The second question was even easier.


    "To ask the Secretary of State for the Home Department, what representations he has received from the Minister without Portfolio for his MI5 file to be destroyed; and if it is to be destroyed."

One would have thought that these were easy questions to answer. However, it took almost three weeks before the Home Secretary came up with a reply--after I had telephoned his office to remind him I was still waiting. He said:


    "If I receive any representations from individuals about the possible existence of Security Service files, my practice is to explain the approach of the Security Service to destroying files. It is not my practice to give information about any representations from hon. Members or Ministers or from the other sources listed any more than it would be for me to disclose whether the Service holds or has held files on any individuals."--[Official Report, 3 February 1998; Vol. 305, c. 589.]

I would have thought that, if that were the Home Secretary's position, he could have told me so straight away.
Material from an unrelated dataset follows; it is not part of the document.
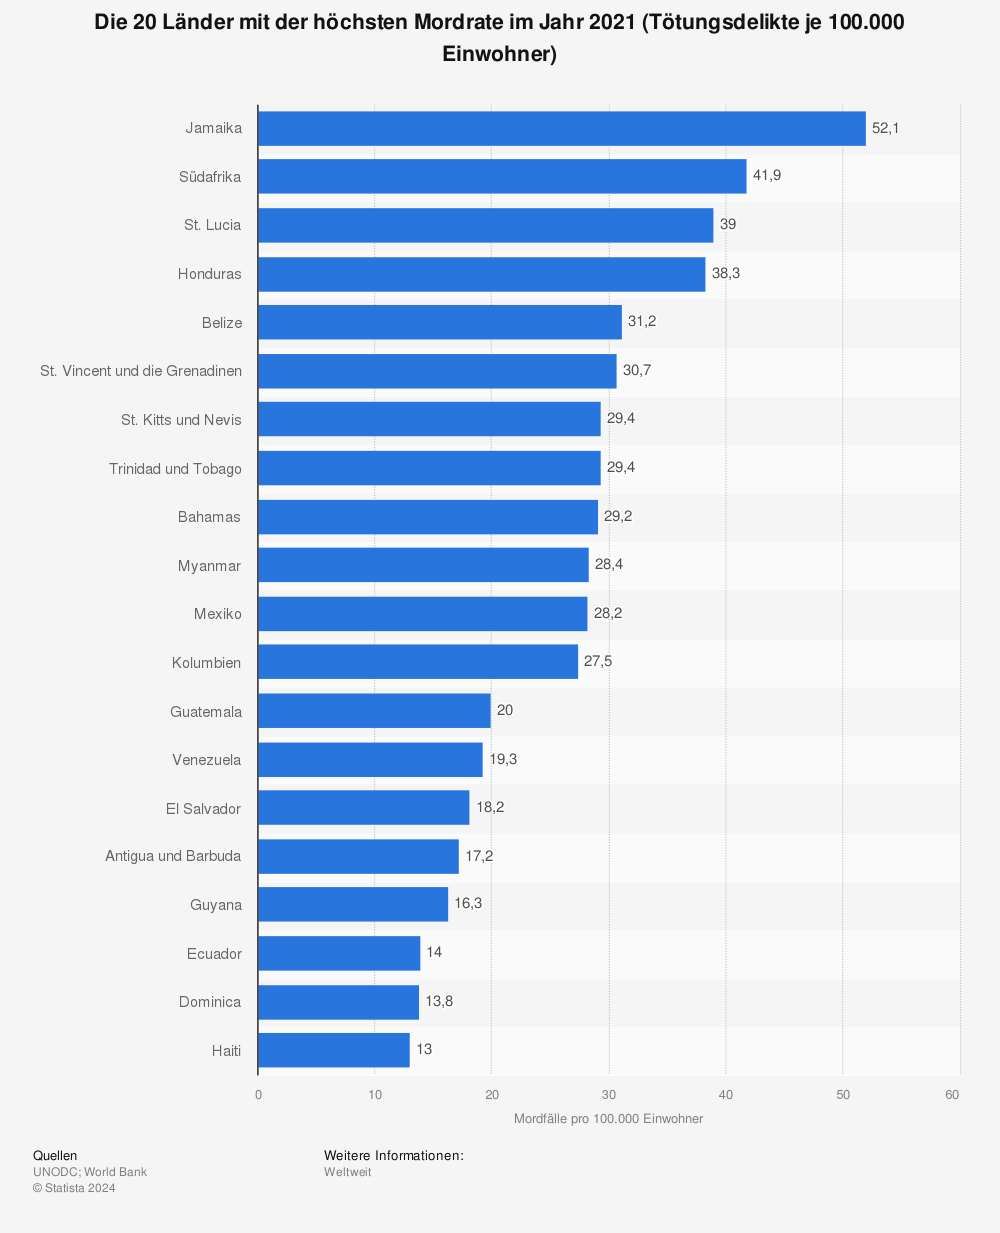 Statistik: Ranking der 20 Länder mit den meisten Mordfällen pro 100.000 Einwohner (im Zeitraum 2004 bis 2011) | Statista

I conclude with three questions. Does the Home Secretary accept that it is of legitimate interest to future historians to know which public figures in politics, trade unionism, business or the media consorted with fascists or communists before or after the second world war? Does he accept that it is important that, if files were improperly held, they should be kept so that the Security Service can be called to account in the future? Above all, does he accept that it is especially important for a Labour Government not to preside over the destruction of files that are likely to show some of their Ministers, hon. Members or supporters in a discreditable light?